- Work to be completed
When you copy the data, keep every word exactly as it is and leave the pictures out.

- Data segment
+--

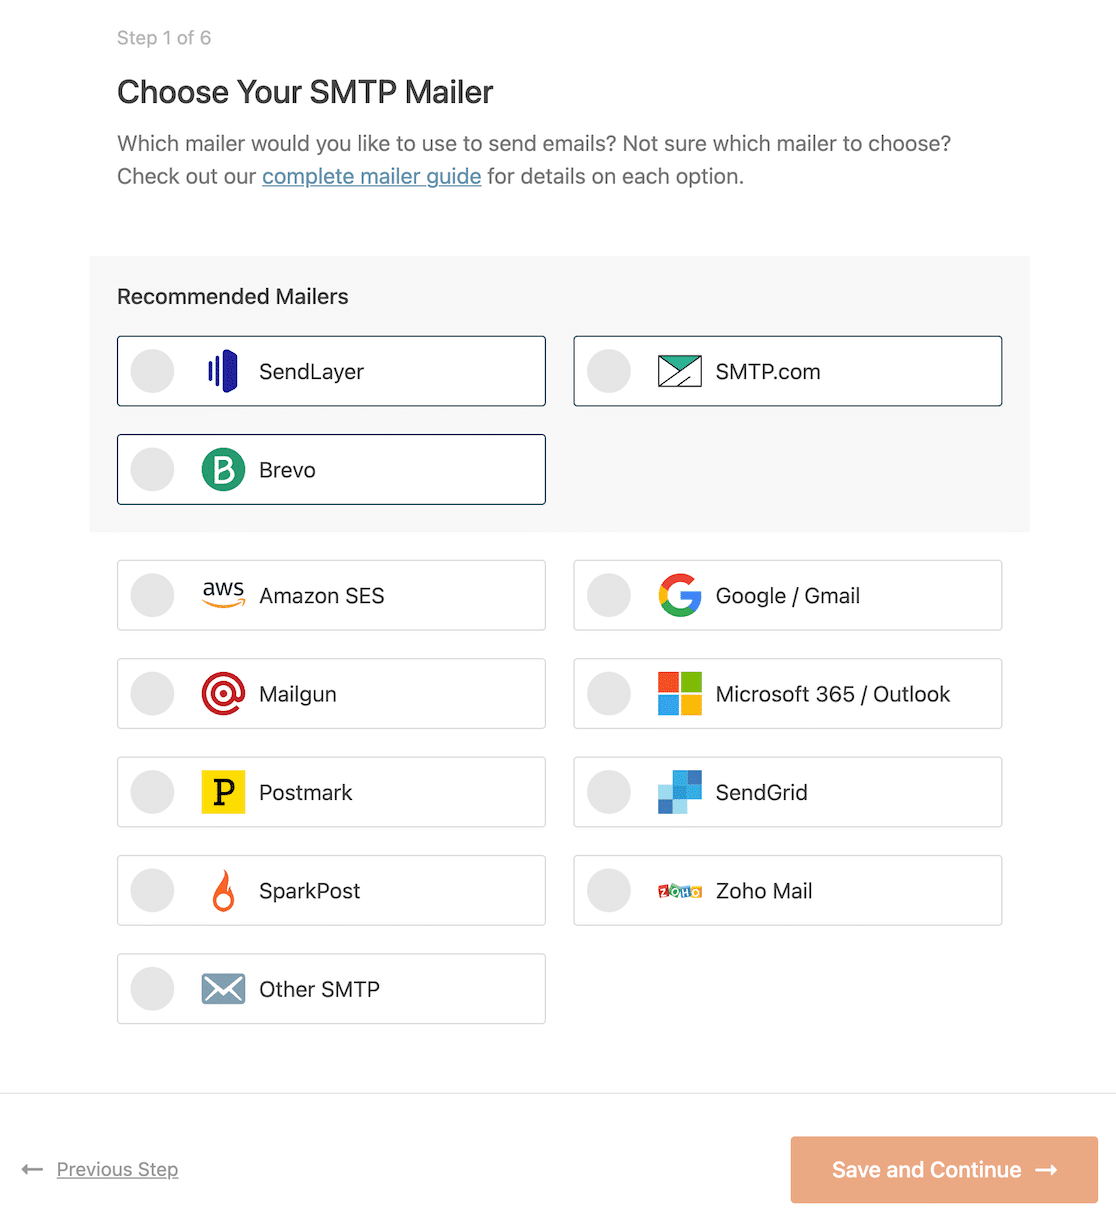 Select your SMTP mailer
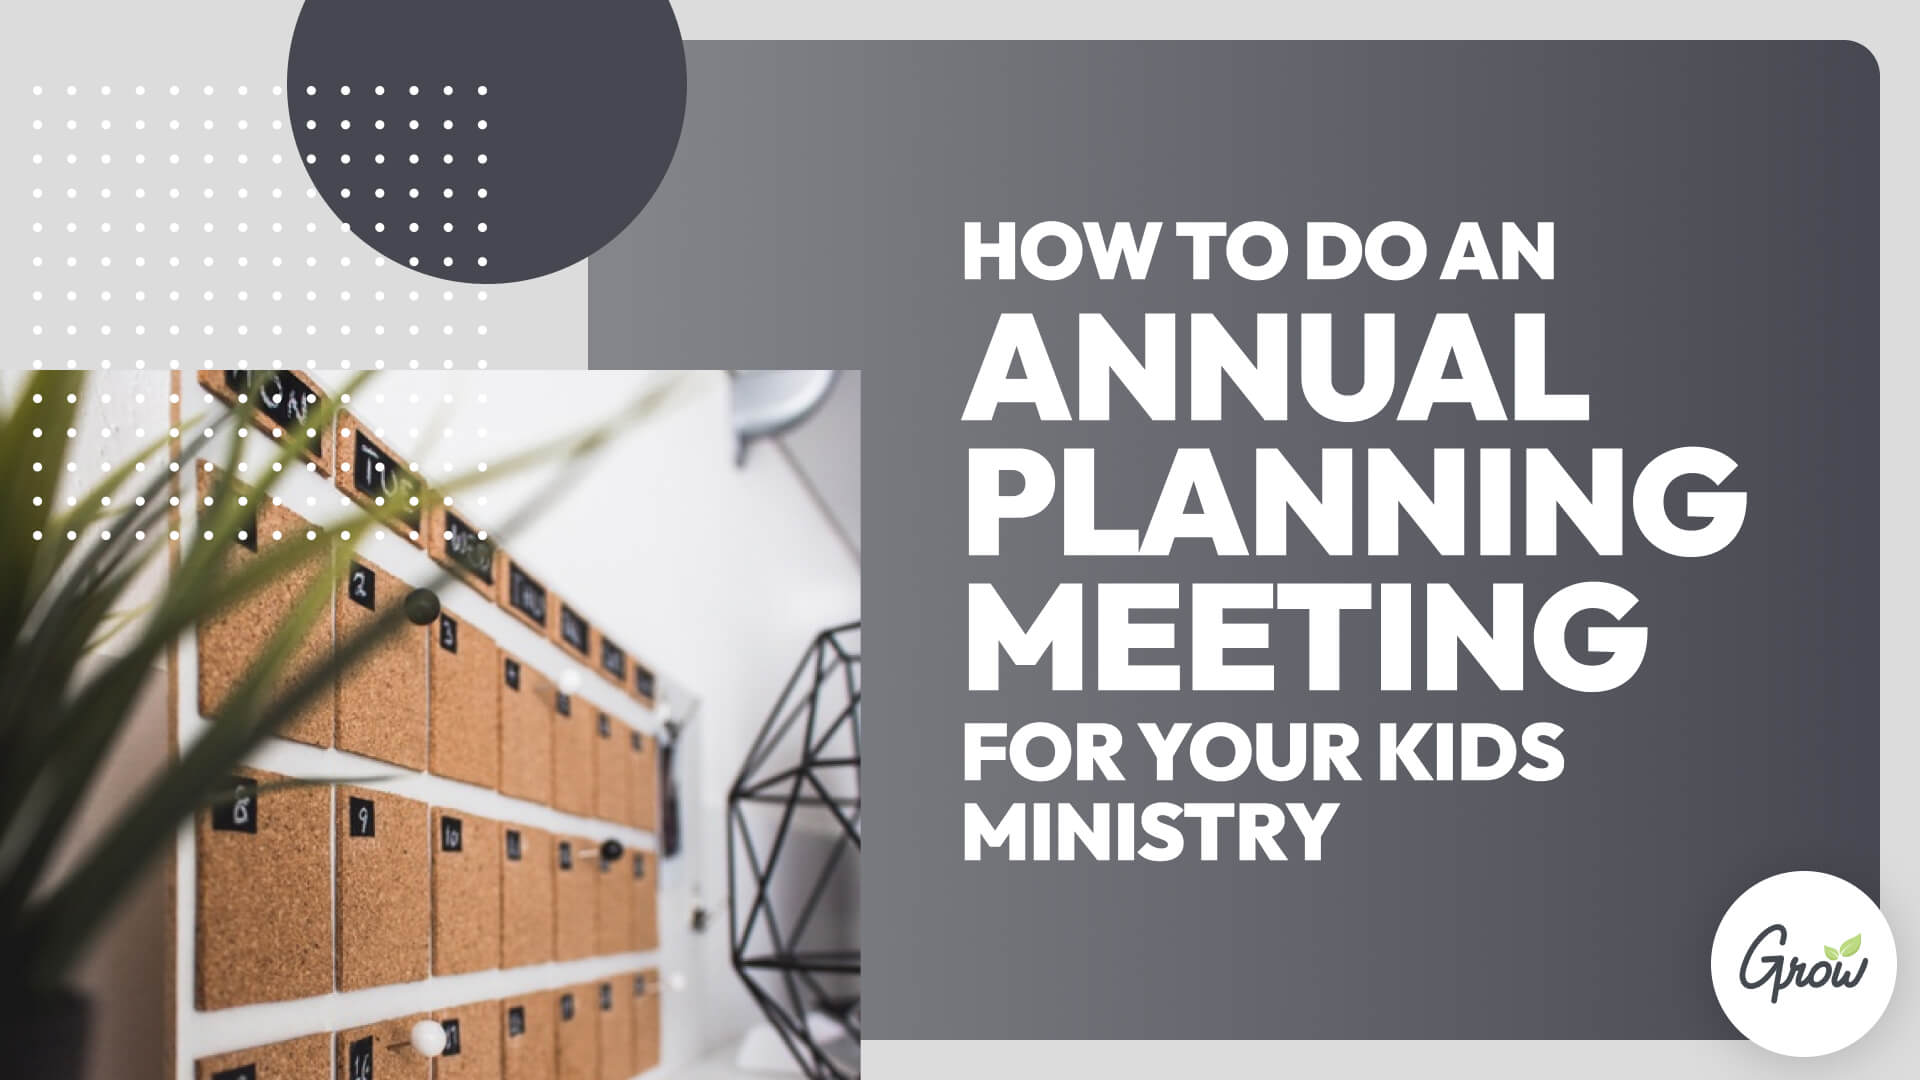 How to Do an Annual Planning Meeting for Your Kids Ministry
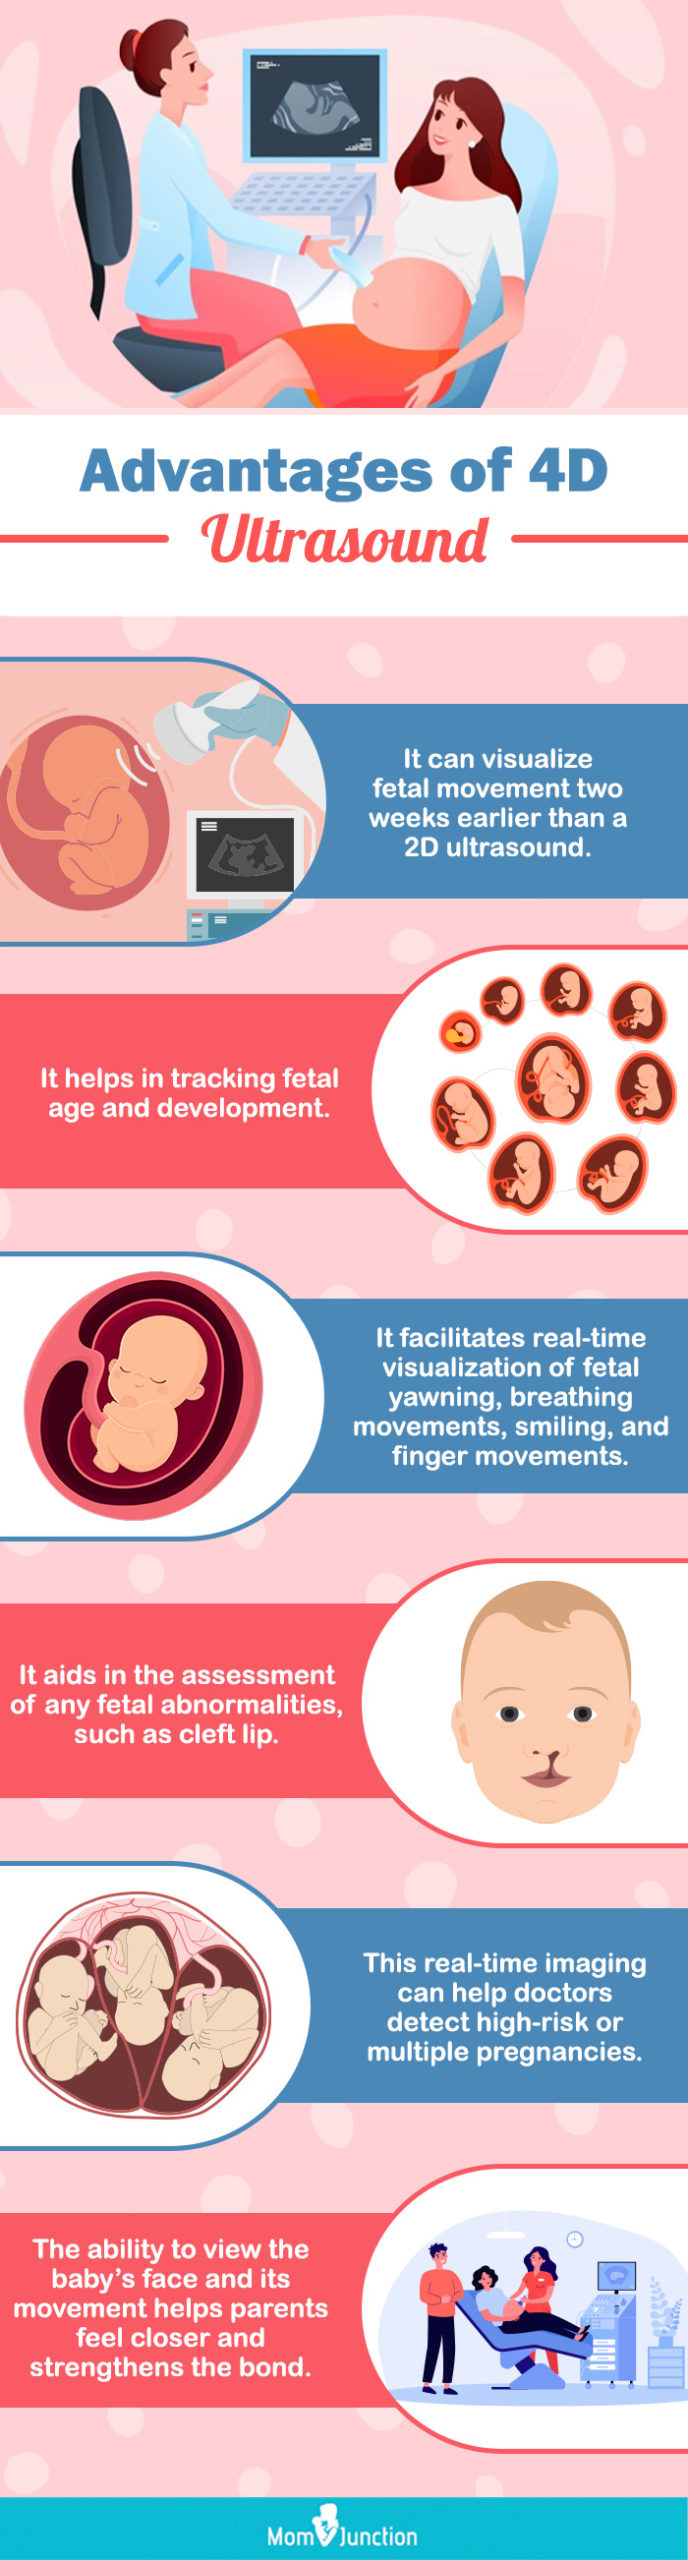 advantages of 4D ultrasound (infographic)

+--

- Response
 Select your SMTP mailer
 How to Do an Annual Planning Meeting for Your Kids Ministry
 advantages of 4D ultrasound (infographic)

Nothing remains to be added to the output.